## Collected data:
- - - - - - -

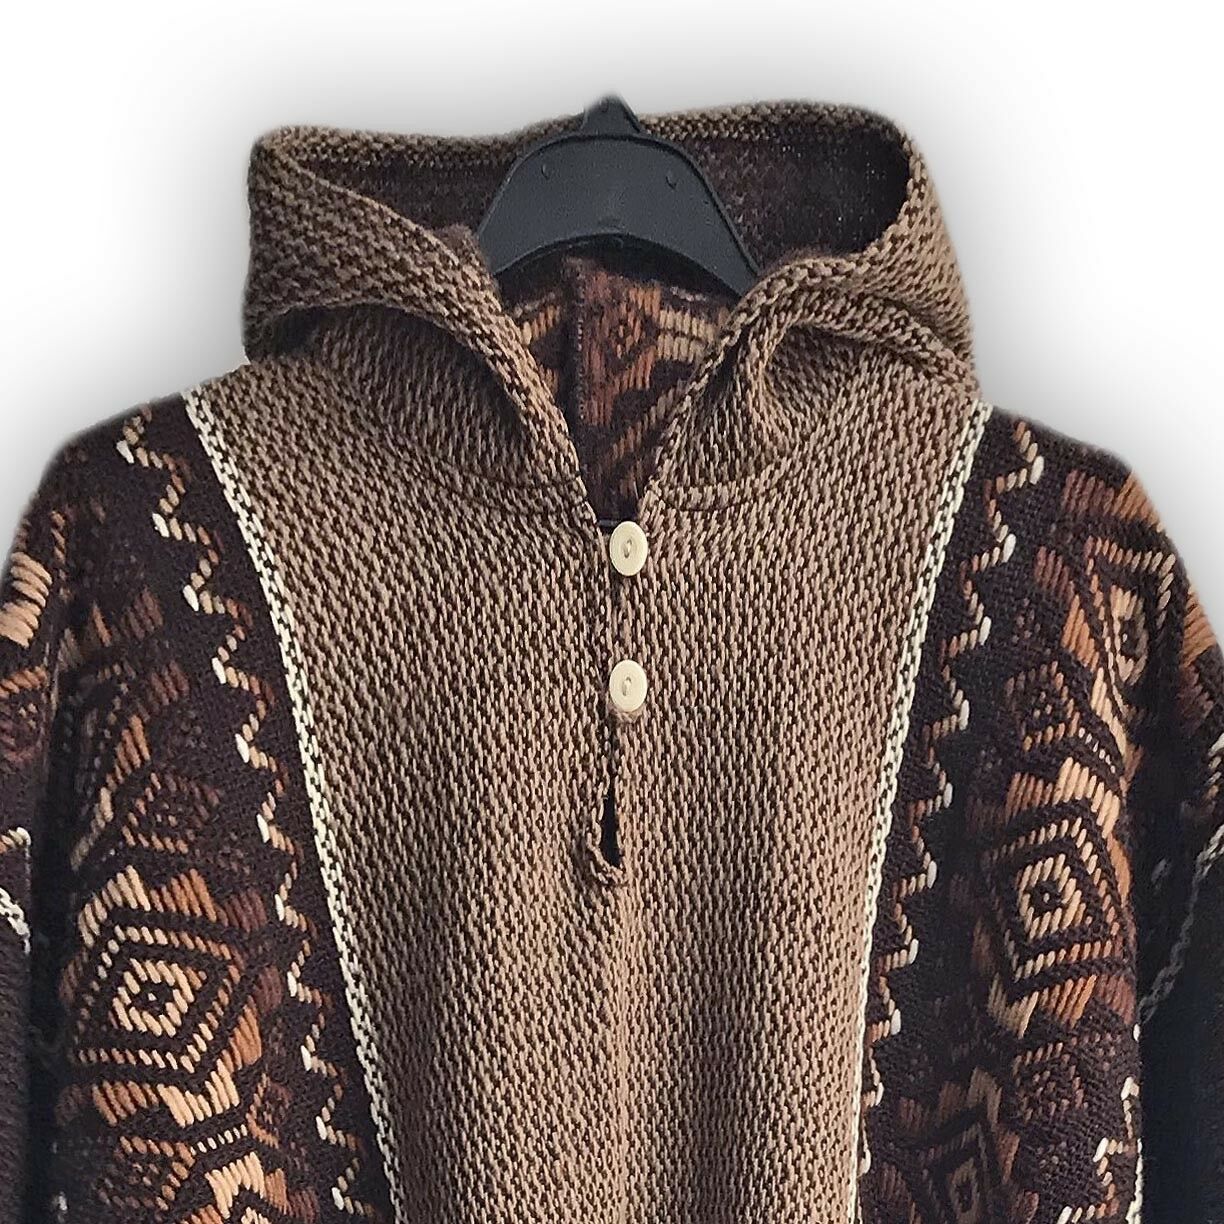 Llama Wool Unisex South American Handwoven Hooded Poncho - solid brown with diamonds pattern
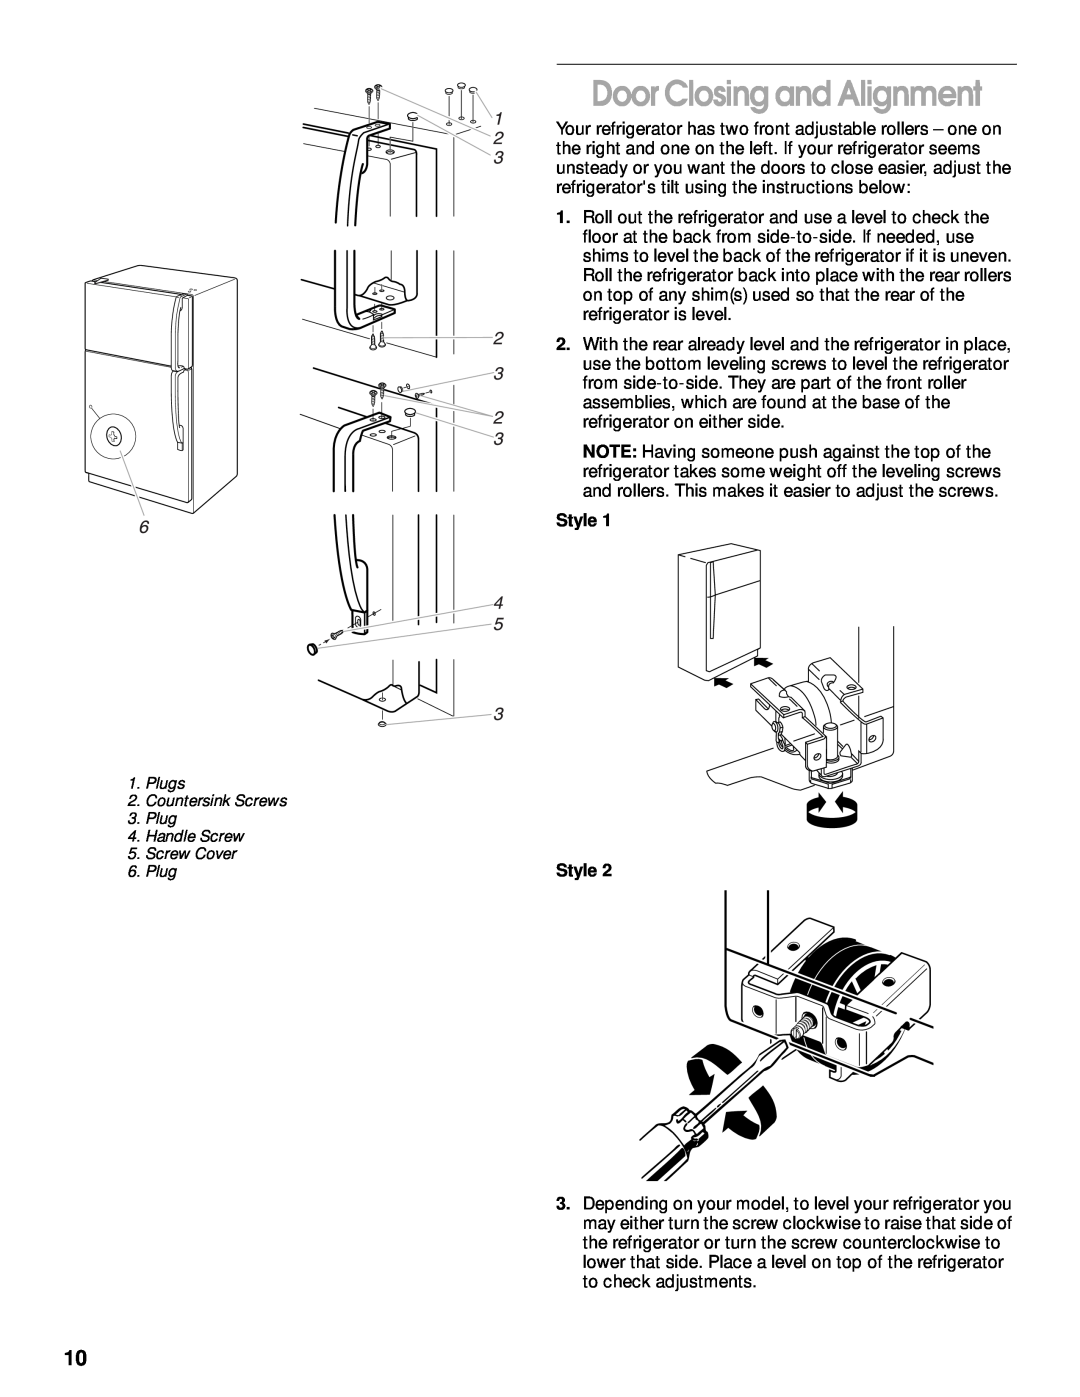 Whirlpool TT14DKXJW00 manual Door Closing and Alignment, Style Style 
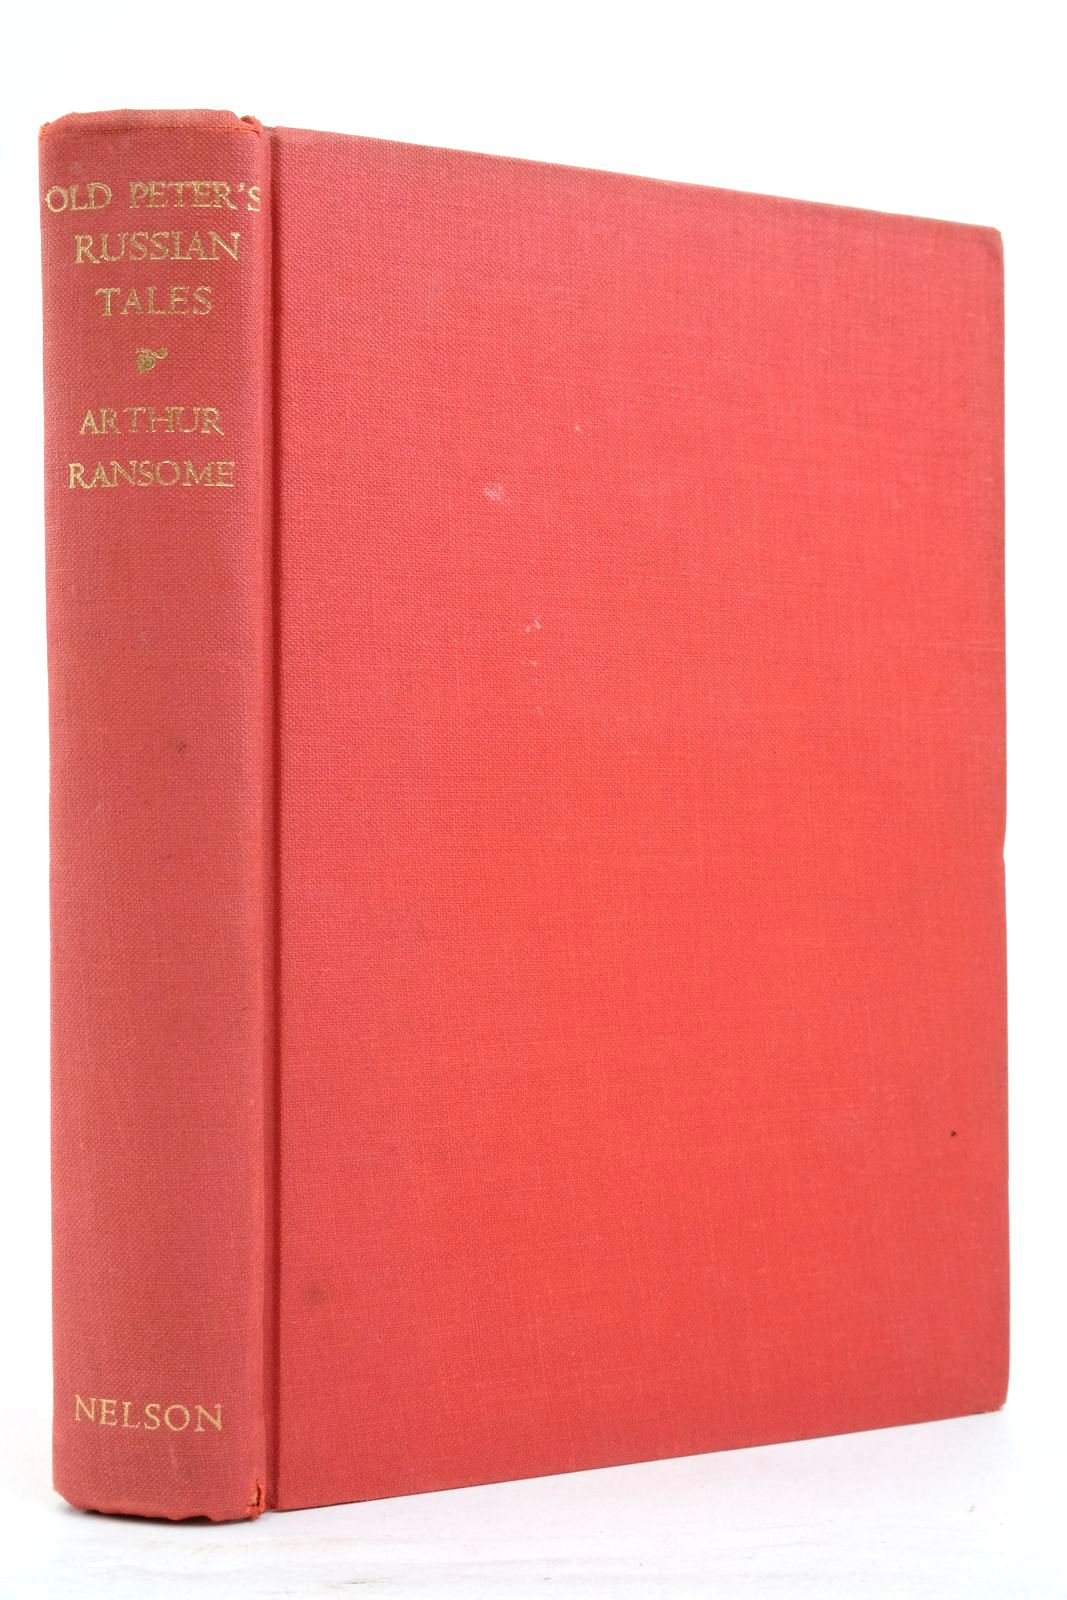 Photo of OLD PETER'S RUSSIAN TALES written by Ransome, Arthur illustrated by Mitrokhin, Dmitri published by Thomas Nelson and Sons Ltd. (STOCK CODE: 2137925)  for sale by Stella & Rose's Books

- - - - - - -

## Exercise description:
Send back the data above verbatim, leaving out its pictures.

## Response to the exercise:
 Llama Wool Unisex South American Handwoven Hooded Poncho - solid brown with diamonds pattern
 Whirlpool TT14DKXJW00 manual Door Closing and Alignment, Style Style 
 Photo of OLD PETER'S RUSSIAN TALES written by Ransome, Arthur illustrated by Mitrokhin, Dmitri published by Thomas Nelson and Sons Ltd. (STOCK CODE: 2137925)  for sale by Stella & Rose's Books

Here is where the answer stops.